2.1 Overview of MPEG Stream

The MPEG compressed video provides one motion vector for each macroblock of size 16x16 pixels which means that the motion vectors quantized to 1 per 16x16 blocks.

To formulate the problem, an MPEG stream is composed of an ordered sequence of three types of frames, I, P and B, as shown in Figure 1. I (intraframe) frames encodes the whole image in a similar way as JPEG does, that is by 8x8 block-wise DCT (Discrete Cosine Transform) and VLC (Variable Length Coding). These kinds of frames allow random access to the sequence and are used as “pivots” for the motion prediction. A P picture is coded using motion-compensated prediction from a previous P or I picture, using what is called forward prediction. A B picture is coded by using both past and/or future pictures as reference, and thus is called bi-directional. Figure 1 shows the principle of B pictures at work. The frames are grouped at a higher level in Group of Pictures (GOPs), which by definition are the frames between two I frames.

(11)

Without loss of generality we assume that in any analyzed MPEG stream, the Group of Pictures (GOP) will have the standard structure [IBBPBBPBBPBBPBB]. According to this assumption we design our system after extracting the motion vector.

Figure 1: A typical MPEG encoding GOP

2.2 Related work

Much work is being done in the area of motion based video object segmentation in the pixel domain [8, 9, 10, 11] which exploits the visual attributes and motion information. However, very little work has been carried out in the area of compressed domain video object extraction. Pixel domain motion detection is performed based on the motion information at each pixel location such as optical flow estimation [12], which is very computationally demanding. On the other hand, the motion information can be

(12)

available from the compressed domain. In many cases, especially in the case of well-textured objects, the motion vector values reflect the movement of objects in the stream very well. Some approaches [13,14,15,16,17] utilize these motion vector values directly. Processing digital video directly in the compressed domain has reduced the processing time and enhanced storage efficiency, speed, and video quality. Moreover, in today’s ever growing volume of video data provided in compressed formats MPEG1/2, it increasingly makes more sense to perform object detection in the compressed domain. Object detection directly in compressed video without full-frame decompression is clearly advantageous, since it is efficient and can more easily reach real-time processing speeds.

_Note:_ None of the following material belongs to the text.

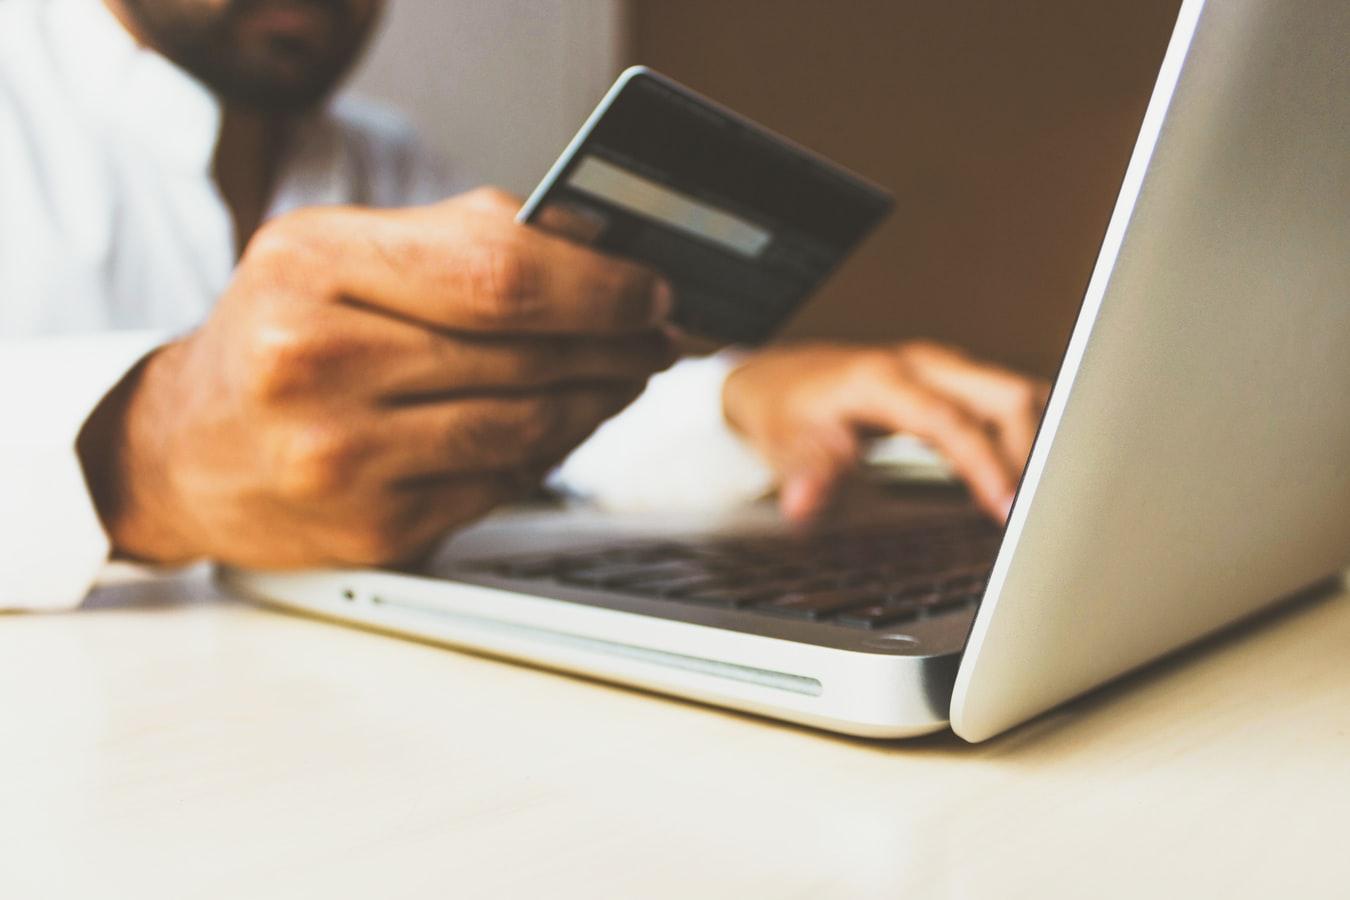 Ο εθισμός στις ηλεκτρονικές αγορές βλάπτει σοβαρά την ψυχική υγεία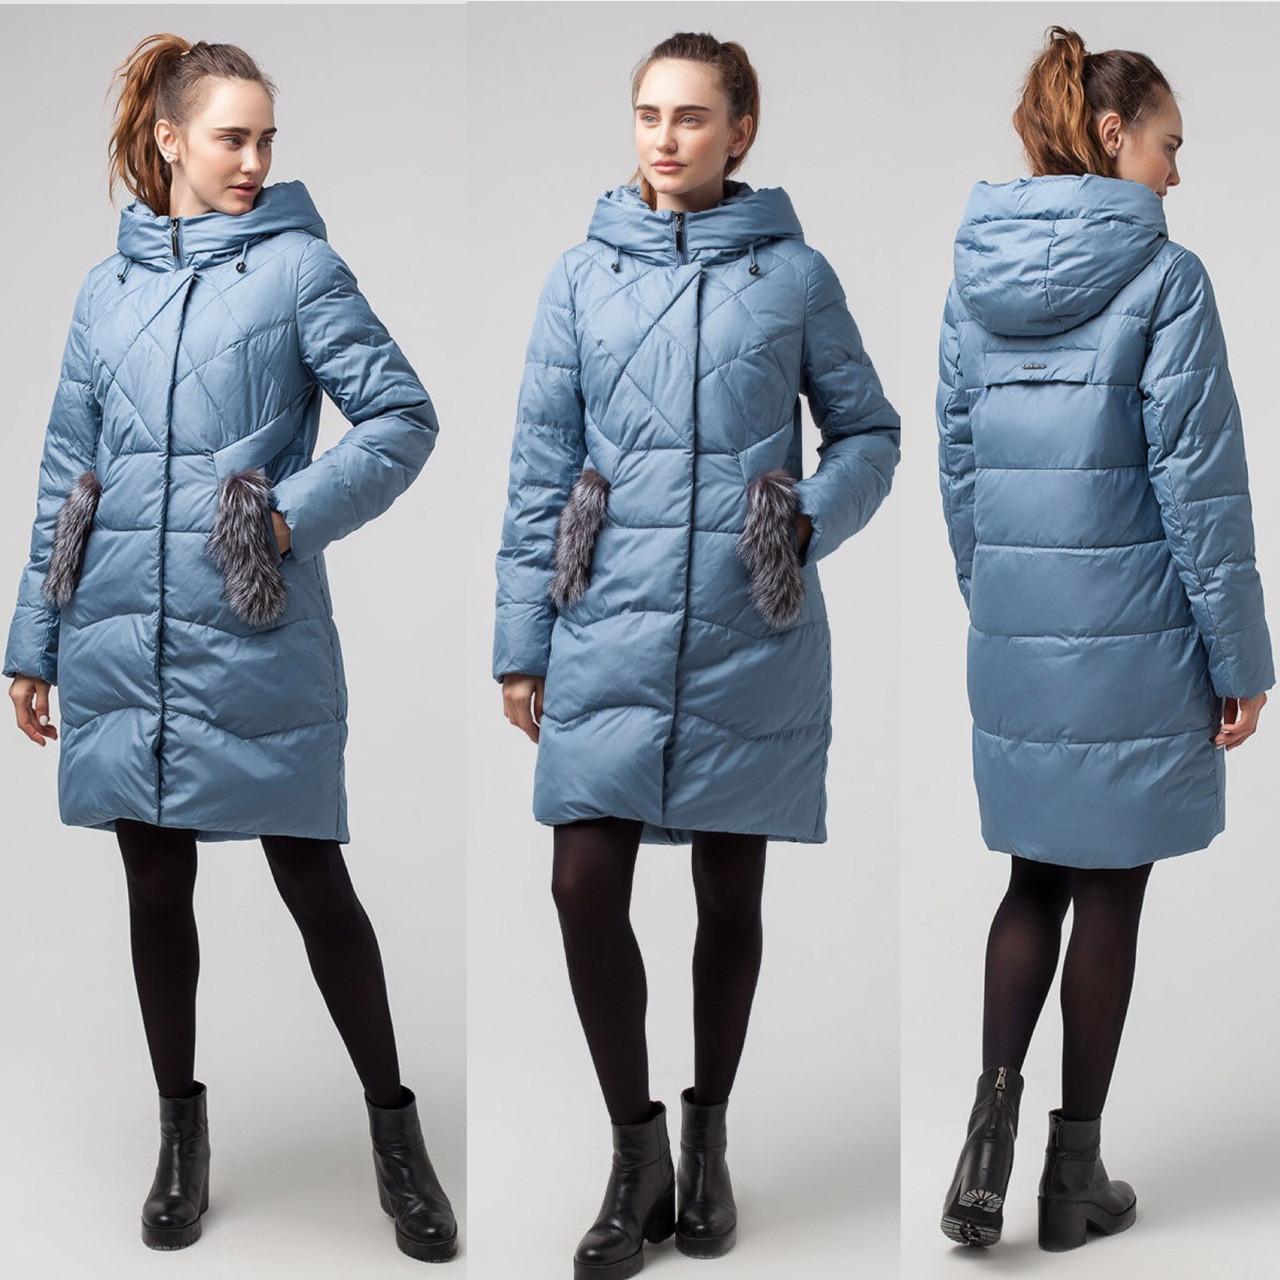 Женская Куртка Пуховик Оригинал LORA DUVETTI . Цвета и Размеры в наличии  (42-50)

Motion vector information is an important cue for humans to perceive video content. Thus, the need for reliable and accurate motion vector information becomes clear for those approaches that are employing the motion information [2,3,13,14,15,16,17,18,19,20]. But motion vector information is sometimes difficult to use due to the lack of effective representation and due to the fact that it introduces large amounts of noise that makes further processing of the data impractical. Besides, it is still far from ideal in performance, as the key motion estimation part is carried out using coarse area-correlation method that has proven its inefficiency in terms of accuracy. Some researchers [21] elaborate on the noise in motion vectors due to camera noise and irregular object motion. However, it is known that the motion vectors in MPEG-1/2 may not represent the true motion of a Macro-block. Also the 1 pixel per 16x16 pixel-block scheme makes detection of small objects difficult. Objects that are too small are simply ignored and object contours are distorted based on object detection [22,23,24]. It is known [25] that the motion fields in MPEG streams are quite prone to quantization

(13)

errors, especially in low-textured areas. However typical samples in the motion vector field are usually inaccurate [26,27]. These defects can be combated with robust error recovery schemes that repair motion fields and reduce noise. Consequently we can produce a smoother shape boundary, where the motion vectors are used to determine object boundaries in object detection.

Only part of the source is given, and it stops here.